Respectfully your friends and obedient servants,
(Signed by) Jacob Kern,
and Seventy other Members.
The following communication, in reply, was laid before the members, at a meeting held in the Capitol on the 7th instant, by Col. Jacob Kern, Speaker of the Senate:
[TO JACOB KERN, ESQ., AND OTHERS, MEMBERS OF THE LEGISLATURE OF PENNSYLVANIA.]
Washington, Dec. 22, 1834.
Gentlemen:—
I want language to express my feelings on the perusal of your kind letter, which was delivered to me at the moment I was about to leave Harrisburg. Elevated by your free and unsolicited suffrages to the only public station I desire to occupy, it shall be my constant endeavor to justify, by my conduct, the generous confidence which you have thus reposed. The interest and the honor of Pennsylvania, so far as you have committed them to my hands, shall never be wilfully abandoned or betrayed.
Although you have not asked me for any pledge or promise relating to my course in the Senate, yet I am sensible that many of you desire I should express my opinion publicly in regard to the right of legislative instruction. I shall do so with the utmost frankness. On this question I have not, and never have had, any serious difficulties. The right results from the very nature of our institutions. The will of the people, when fully and fairly expressed, ought to be obeyed by all their political agents. This is the very nature and essence of a representative democracy.

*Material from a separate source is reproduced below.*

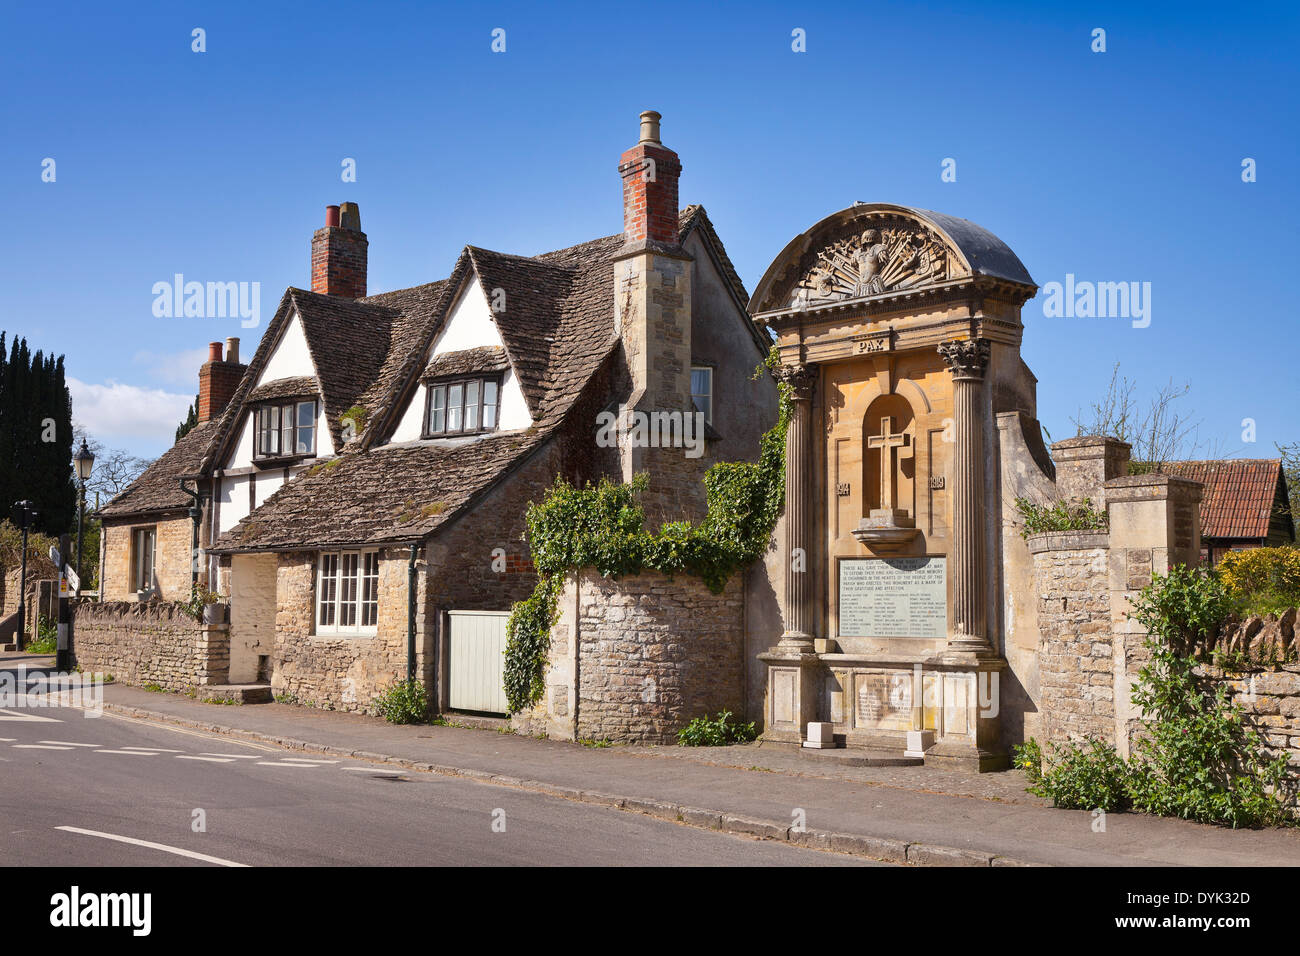 Lacock village, Wiltshire, UK. Traditional cottages. sunny day, blue sky Stock Photo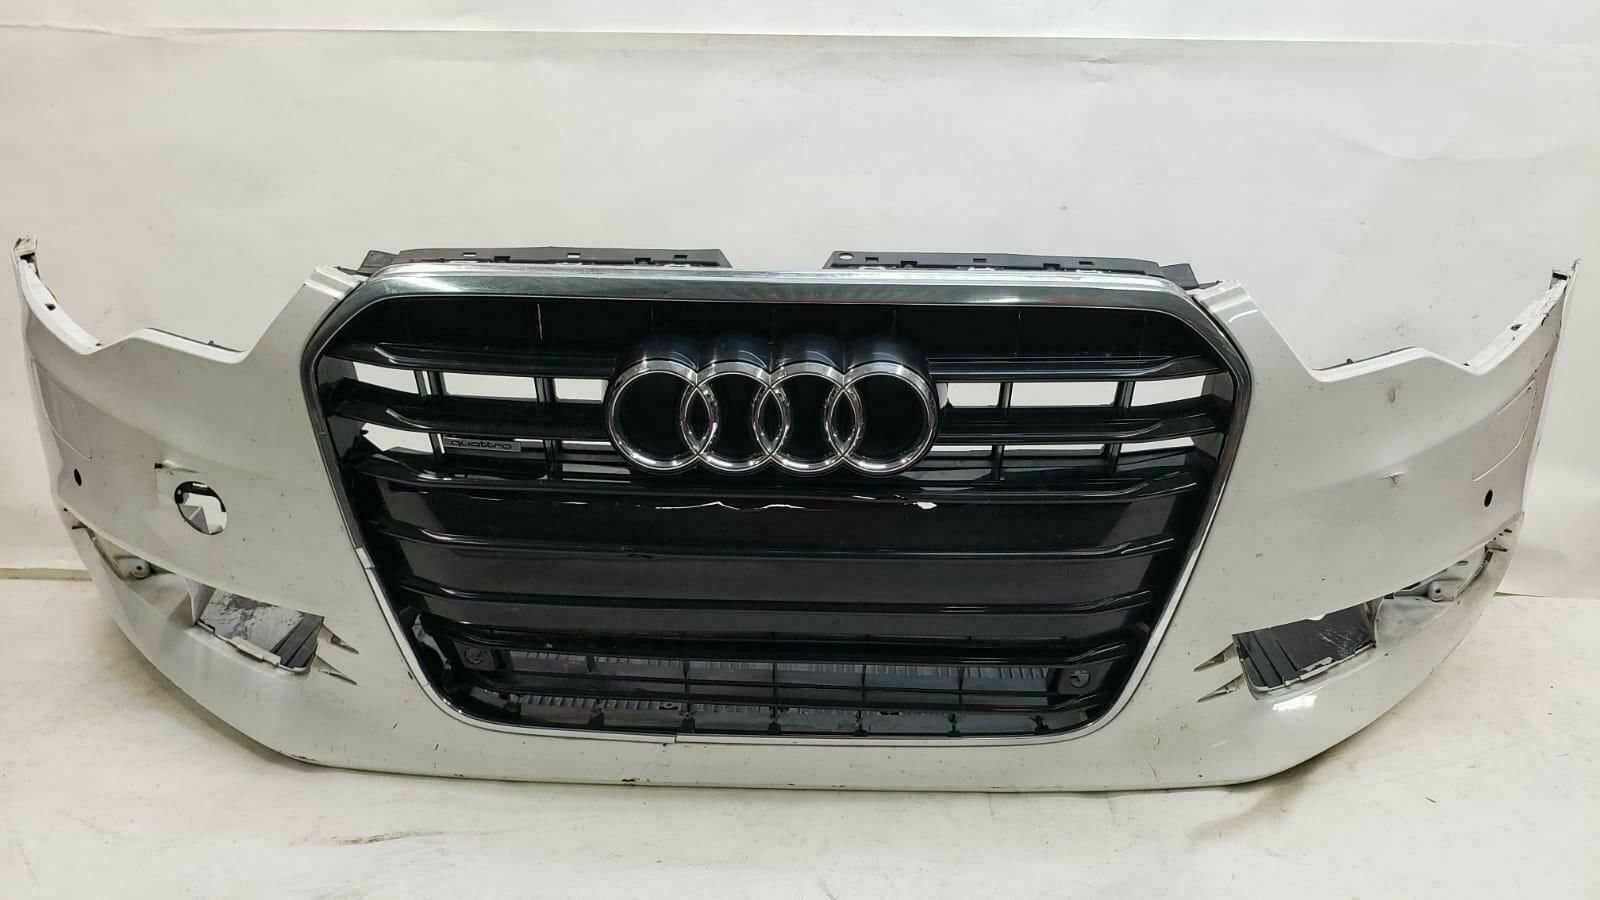 2012-2015 AUDI A6 FRONT BUMPER COVER WITH GRILLE 4G0807233/4G0807550J OEM

Without entering into an argument upon the general question, which would be altogether misplaced upon the present occasion, it may not be improper to observe that the principle applies with redoubled force to Senators in Congress. They represent the sovereign States, who are the parties to that constitutional compact which called the federal union into existence. In the Senate, these States are represented as distinct communities, each entitled to the same number of votes, without regard to their population. In that body they are all equal, as they were before the adoption of the federal constitution. Here, emphatically, if any where, the voice of the States ought to be heard, and ought to be obeyed. Shall it then be said that a Senator possesses the constitutional right to violate the express instructions of the sovereign State which he represents, and wield the power and the vote which have been conferred upon him for the benefit of his constituents in a manner which they have solemnly declared to be ruinous to their dearest interests, or dangerous to their liberties! The bare statement of the proposition carries conviction to my mind. All, or nearly all the State Legislatures, have long been in the practice of instructing their Senators, and this affords the strongest evidence of the principle upon which the custom is founded.